Viel Herzblut für den eigenen Kaffee

Warum in Luzern Mikro-Röstereien boomen

Ramon Hässig wirkt in der Mikrorösterei an der Bruchstrasse. (Bild: cbu)

Kaffee beherrscht die Schweiz. Zahlreiche Kaffeerösterinnen versuchen ihr Glück mit lokalen Mikro-Röstereien. Das Geschäft mit der Bohne ist allerdings kein Zuckerschlecken – und auch nicht zwingend lukrativ.

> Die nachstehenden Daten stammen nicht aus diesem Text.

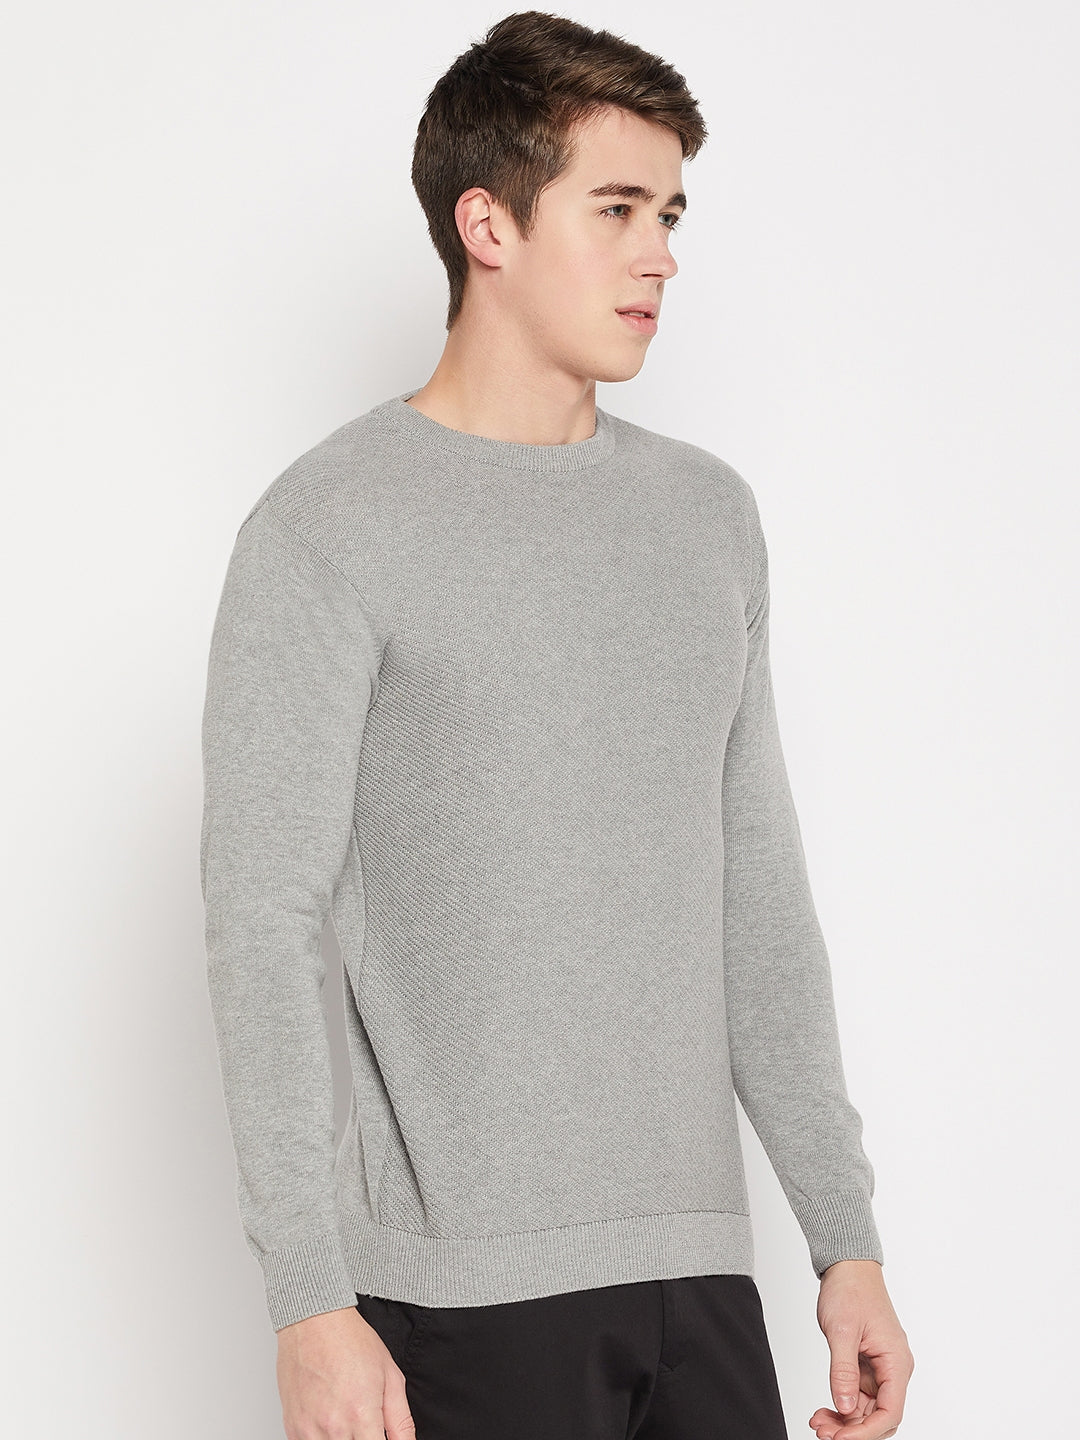 Camla Barcelona Grey Sweater For Men

Die Schweiz ist ein Kaffeeland. Nicht nur trinken Frau und Herr Schweizer im Schnitt zwei bis drei Tassen täglich, gemäss einer Recherche der ZHAW läuft auch zwischen 70 und 80 Prozent des weltweiten Exports von Rohkaffee über die Schweiz. Etwa 4,5 Milliarden Franken spült der Kaffee jährlich in Schweizer Kassen. Für Notfälle wie Kriege oder Naturkatastrophen bunkert die Schweiz gar über 13’000 Tonnen Rohkaffee als Notrationen in Pflichtlagern.

Nebst dem Import und Export lieben Schweizerinnen aber auch Kaffee aus lokaler Produktion. Noch vor wenigen Jahren war Luzern auf dem Schweizer Röstereimarkt kaum vertreten. Heute ist im Kanton eine lebendige Kaffeekultur entstanden. Nicht nur sind grosse Unternehmen wie Hochstrasser und Rast ansässig, auch verschiedene Klein- und Mikroröstereien buhlen um koffein- und genussfreudige Kundschaft. Sei es etwa im Himmelrich, wo «Kaffeekranz» eine Rösterei samt Café betreibt (zentralplus berichtete) oder das Café Tacuba an der Eichwaldstrasse.

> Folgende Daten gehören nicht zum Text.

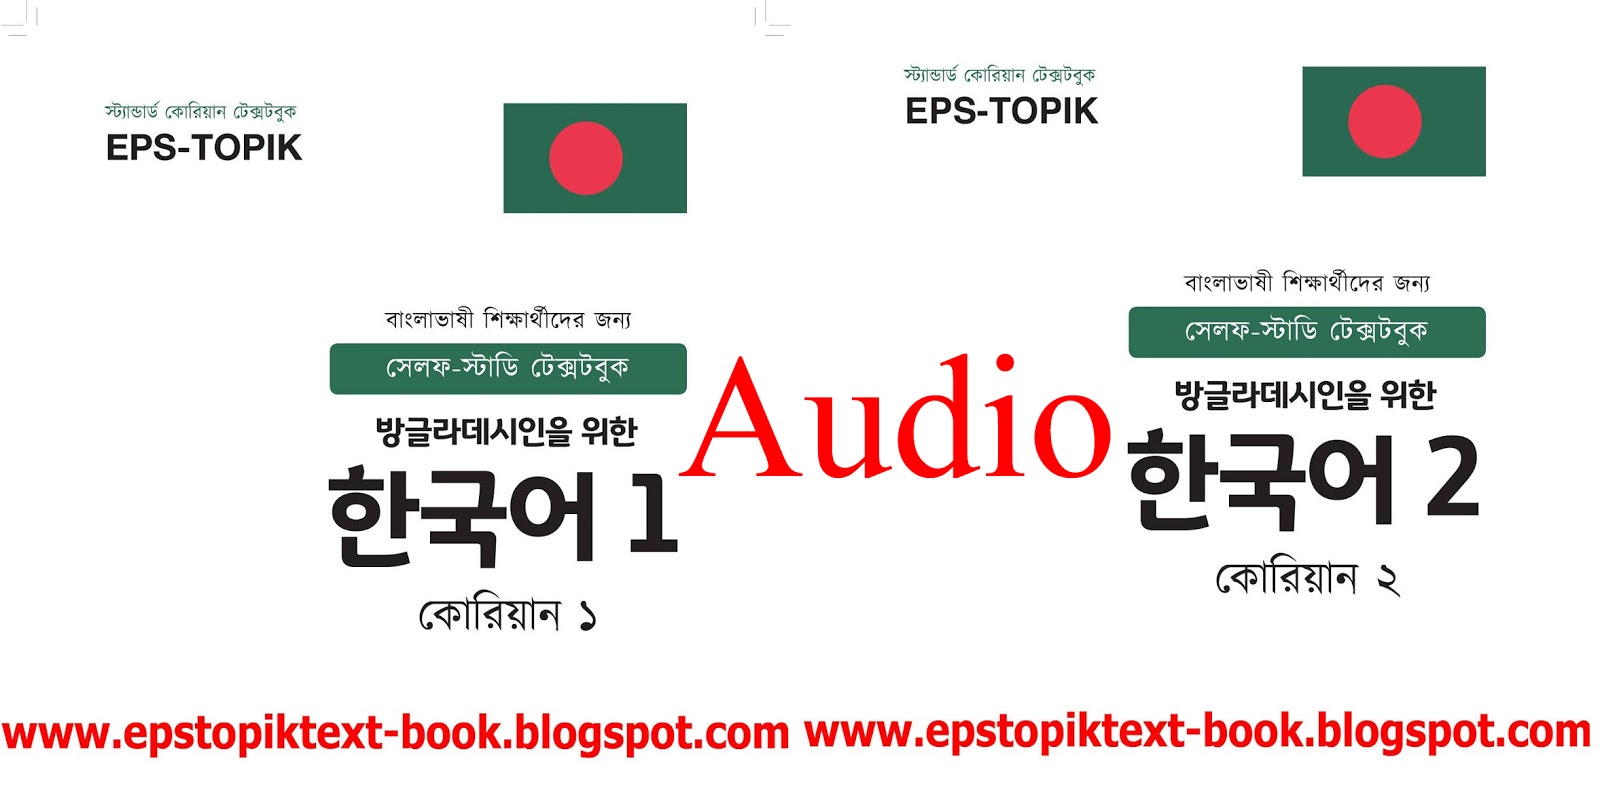 Self-Study EPS TOPIK Text Book Lesson 01-60 Audio Download - EPS

In der Stadt gibt es aber auch verschiedene Betriebe, die sich hauptsächlich auf das Rösten und Verkaufen von Bohnen spezialisiert haben – kein einfaches Unterfangen. Und oft auch kein besonders lukratives.

Der Kaffeemarkt ist hart umkämpft. Kleine Röstereien haben es zudem schwer, mit den Margen der «Grossen» mitzuhalten oder Fuss in der lokalen Gastronomie zu fassen. Oft sind die Preise von Kaffee aus Mikro-Betrieben höher als bei Grossverteilern. In Zeiten von Teuerung und Inflation entscheiden sich darum nicht wenige – Private und Unternehmen – für die günstigere Variante.

Seit zehn Jahren «hässig»

Ein Vorreiter der Luzerner Mikro-Röstereien ist «hässig & hässig» an der Bruchstrasse 44. Bei der Eröffnung 2015 war die Rösterei im Bruchquartier die erste ihrer Art in der Stadt. Und das «Mikro» ist hier durchaus wörtlich zu verstehen. Ramon Hässig, sein Vater Marc und sein Grossvater rösten heute auf knapp 25 Quadratmetern zwischen 600 und 800 Kilogramm Kaffee pro Jahr.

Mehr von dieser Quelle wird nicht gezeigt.